(WXYZ) — Climate change is warming Lake Michigan's surface, but also its deep waters, which could have a significant impact on the lake's ecosystem and mixing process.
A long-term study from the National Oceanic and Atmospheric Association, published in Nature Communications, looked at 30 years of nearly hourly water temperature measurements from Lake Michigan spanning the entire water column, from the lake bottom to just below the surface.
Related: Climate change warming Lake Michigan's deep water could have major impact on ecosystem, study finds
The study's lead author, Eric J. Anderson, said the warming of the lake's deepwater has a number of implications, including on the lake's ecosystem.
Greg Dick, a professor of environmental sciences with an appointment in ecology and evolutionary biology at the University of Michigan, said Lake Michigan has already changed a lot in the last 40 years.
The lake's biggest challenge has been the invasion of mussels – specifically zebra mussels and quagga mussels, which have filtered out a lot of the lower food chain.

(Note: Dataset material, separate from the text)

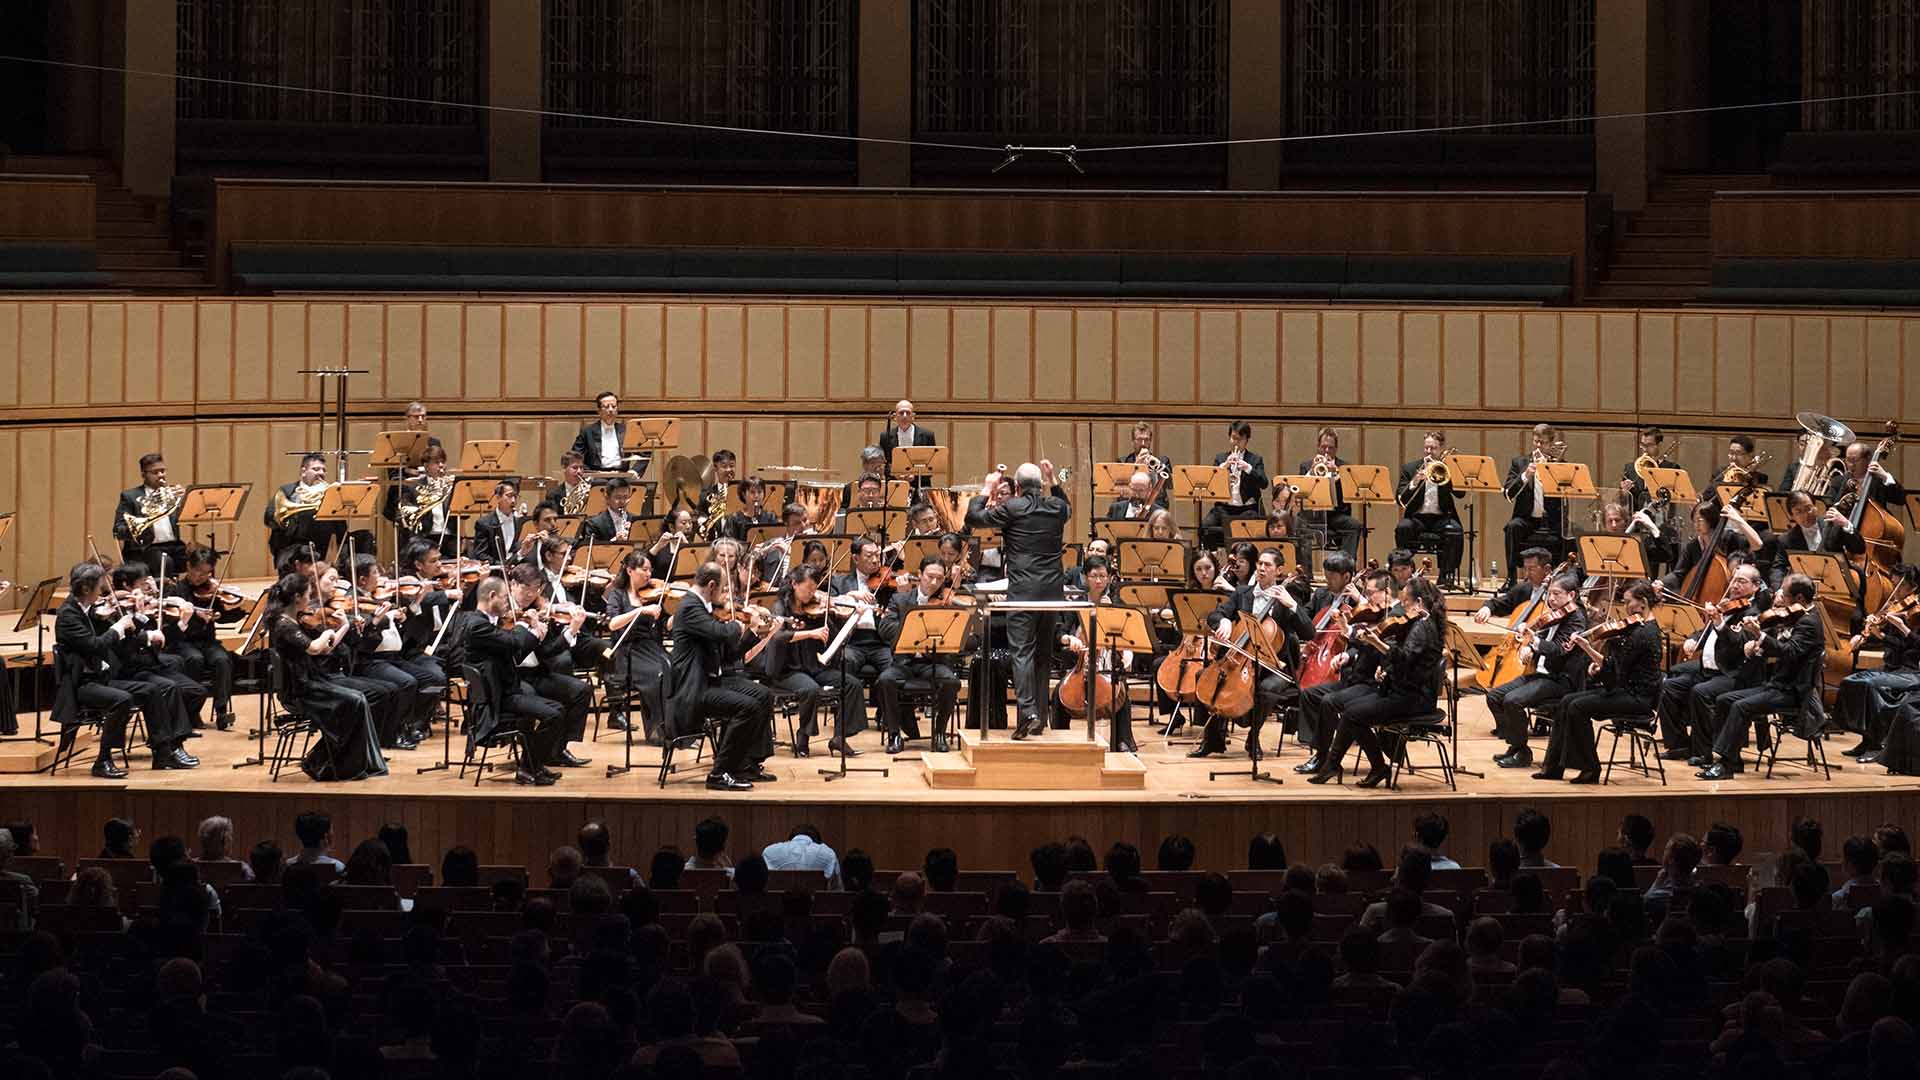 Raffles Singapore - Singapore Symphony Orchestra: Magic Hour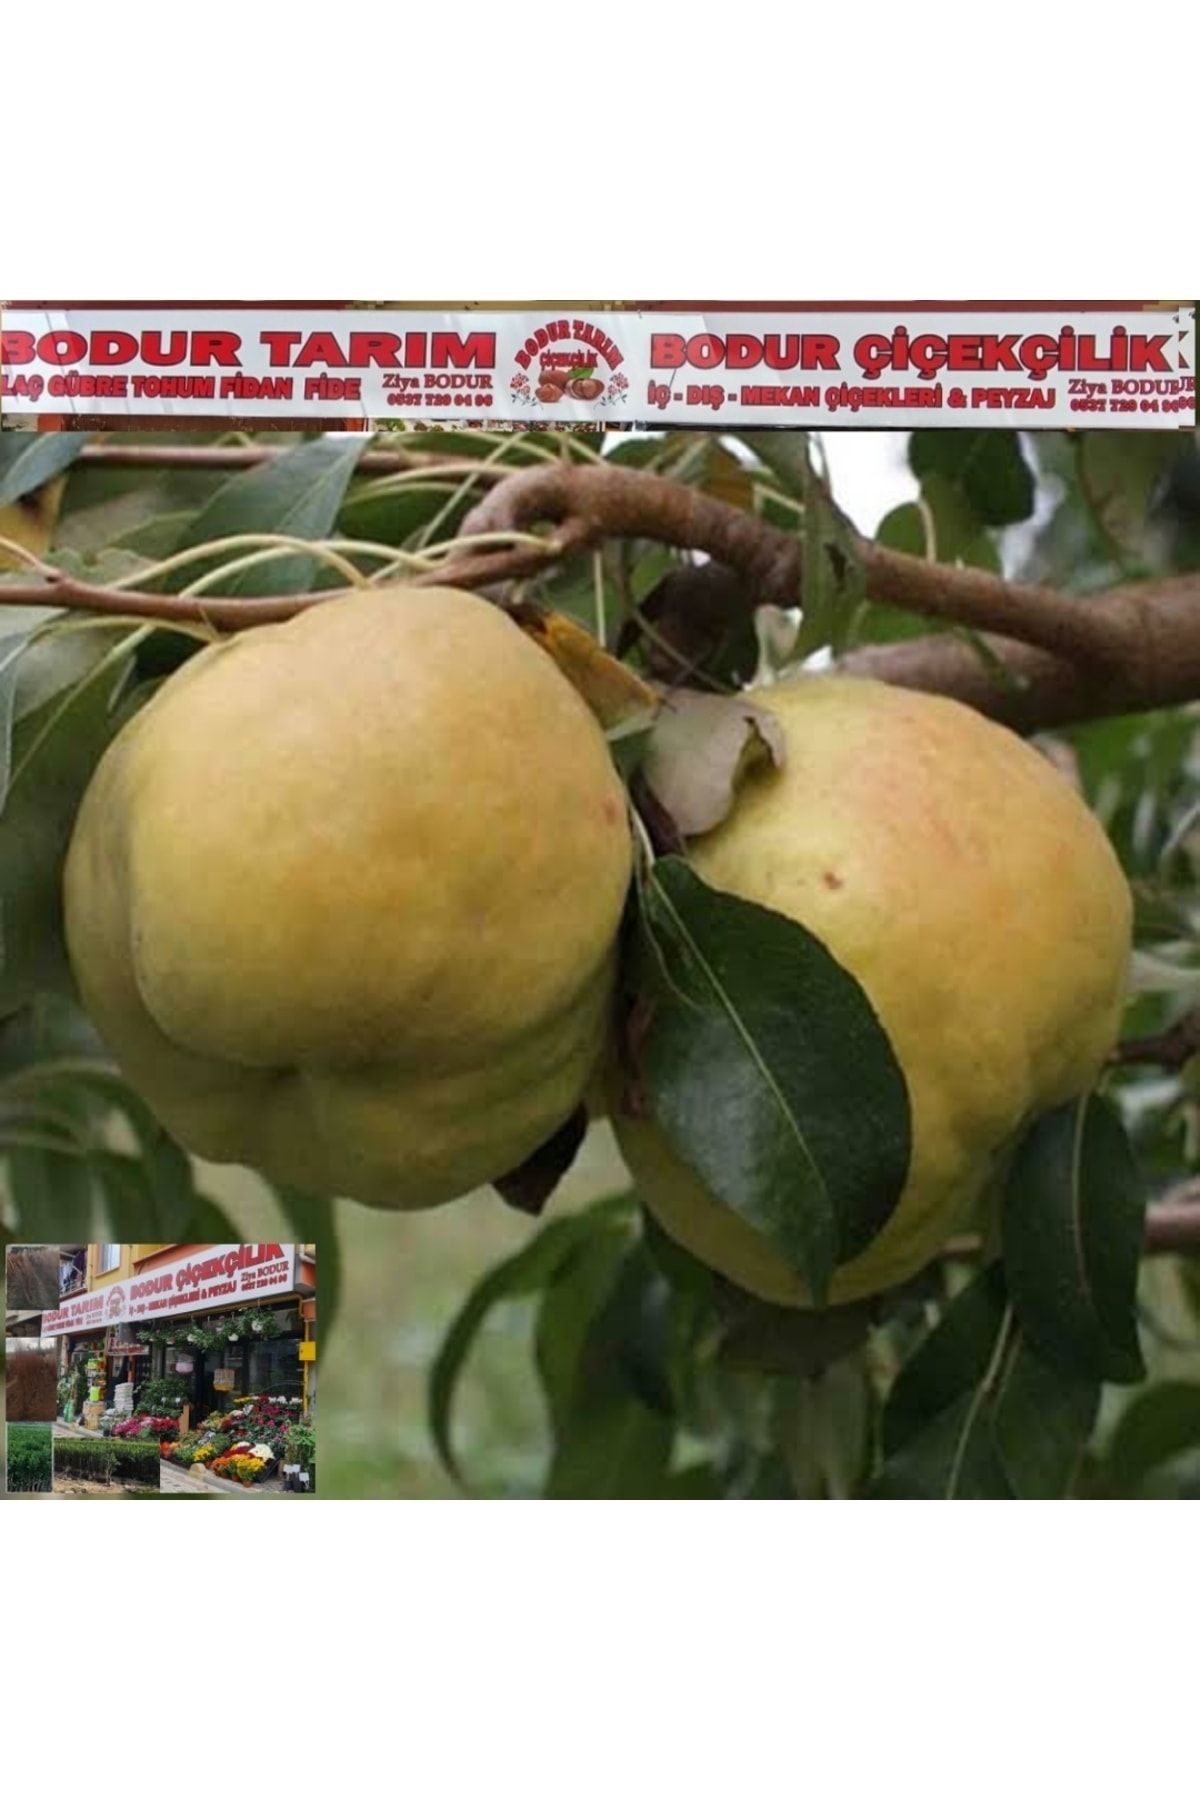 BODUR TARIM Bulancak 2 Yaşında Yarı Bodur Aşılı Tüplü Deveci Armut Meyve Fidanı

"Lake Michigan has already faced some big challenges with these invasive species, and this picture that we're talking about now is another big challenge on top of that," Dick said.
The warming deep waters of Lake Michigan will have a profound impact on the lake's food web, Dick said. He said they can influence the types of organisms that are present including shifts in Zooplankton, which are in the second-lowest rung of the food chain and reduce primary productivity.
"This is a concern because in the end, it will result in a reduced abundance of fish and larger organisms," Dick said.
Lake Michigan's food chain starts with Phytoplankton at the bottom. Phytoplankton are tiny photosynthetic organisms like algae that are doing photosynthesis.
"They take that energy from the sun and use that energy to fix carbon into food sources that the rest of us can eat," Dick said. "They're the ones bringing energy into the ecosystem and into the food."
Above the Phytoplankton are the Zooplankton, which are the organisms feeding on the Phytoplankton. According to Dick, they serve as a food source for small fish, and in some cases, the larvae of a bigger fish.
The mussels, which eat the Phytoplankton, are already removing the food sources of the Zooplankton and reducing the flow of energy up toward the fish, according to Dick. The warming deep waters are just going to make that interruption worse.
"This type of change in temperature can have a similar effect. It can reduce primary production, which eventually reduces the flowing up the food chain towards the organisms that we really care about, fish and so on," he said.
That could mean a reduced fish abundance, which so many Michiganders care about for sport fishing and commercial fisheries.
Lake Michigan is also a dimictic lake, which means the water mixes twice a year from the top to bottom, and the warming means the times of mixing are shifting.
The lake mixes once in the spring and once in the fall. In between those, the lake will have ice growth in the winter and a warm surface layer developed in the summer.
"In the study, we not only found that the lake is warming down to below 100 meters deep, but most of that warming is happening in the wintertime," Anderson said. "That really means the winter is getting shorter and less intense."
According to the study, the water has warmed about .11 degrees Fahrenheit each decade. That means less ice cover, which is already declining across the Great Lakes.
It also means that it could shift the way the lake mixes in the future.
"The projection is that Lake Michigan, with current climate trends, will turn into a lake that mixes only once per year within the next century," Anderson said.
What that means, according to Anderson, is that the winter collapses and we don't have the winter as we know it now. That can have a major implication on things living in the lake and disrupt the entire food chain.
"I think the most dramatic implication would be to the food web in the lake and our reliance on that. The fisheries we rely on, also the way we're affected by things like algal blooms and other things that occur in the lakes," Anderson said.
According to Anderson, though the data is specific to Lake Michigan, they expect it to represent generally what's happening in large lakes around the world, especially at the same latitude as Lake Michigan.
"We would expect this to be similar to what we'd see in the rest of the Great Lakes, with the exception of Lake Erie because it's so shallow, it's not going to have the same deep-water trends, just because there isn't the deep-water there," he said.